И Старшая дочь, поддерживаемая под локти своими подчиненными, прошаркала до высокой, богато инкрустированной кафедры, расположенной справа от гигантских ступней Праматери.

А потом огромные двери распахнулись, впуская в храмовый зал скудный свет пасмурного дня, влажный воздух и людской гомон. Людской поток медленно и печально тек мимо постамента с телом: мужчины в парадной форме и женщины, выглядящие сегодня скорее витриной для драгоценностей, с непременной парой бордовых местных многолепестковых цветов в руках. Мимо Найны проходили почти не задерживаясь — женщины преклоняли колени, клали цветы на специально расстеленную ткань, мужчины ограничивались кивком.

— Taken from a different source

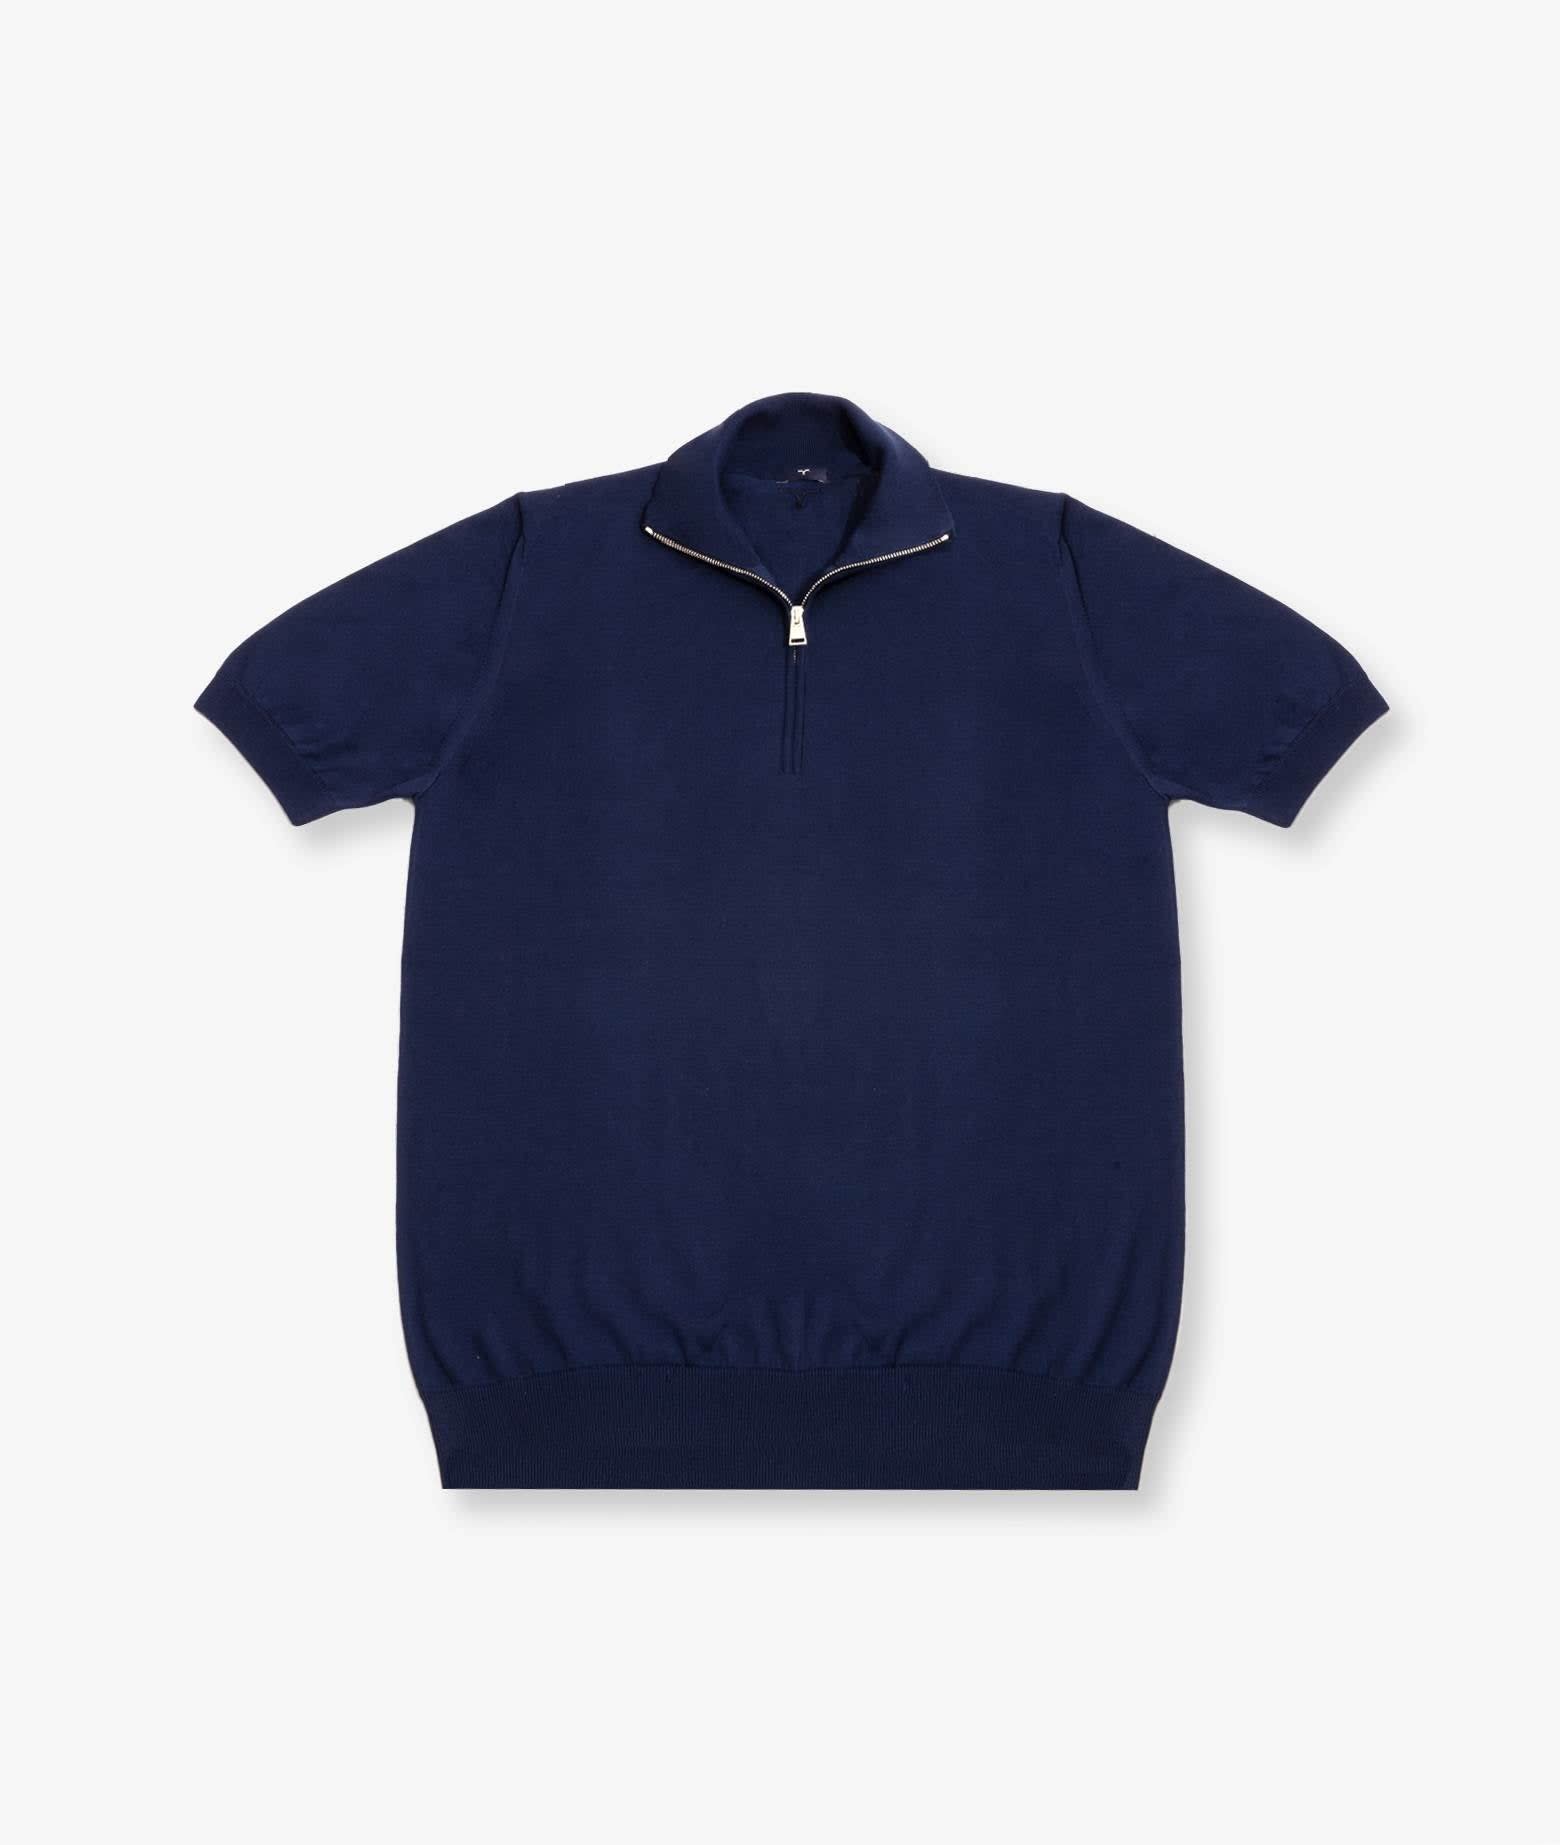 Paul T-shirt With Zip Sweater

По большинству посетителей было видно, что они просто соблюдают формальности. А вот рядом с Эдом потихоньку собиралась толпа из желающих выразить соболезнования. Впрочем, надо отдать Храмовым Дочерям должное — с людским потоком они справялись отменно, так что никакой давки или заминок в движении не было. Да и толпу вокруг Эда они прореживали мастерски. Мы же с Саем были скорей предметами интерьера. Время от времени кто-либо из воинов подходил и к нему, правда, соболезнований не было — даже мне было ясно, что отношения моего мужа с мачехой можно было назвать разве что нейтральными. Скорее уж — вооруженным нейтралитетом. Большинство из тех, кто отдал последний долг покойнице, не задерживаясь, покидал Храм, но все же, некоторые из пришедших рассаживались на лавках в ожидании. Я подняла на Сая вопросительный взгляд и указала на одну из таких женщин.

- После прощания — общее поминовение, остаются те, кто пожелает, — тихо просветил меня Сай, — потом двери Храма закроют. Ночь принадлежит семье. С восходом солнца её предадут земле.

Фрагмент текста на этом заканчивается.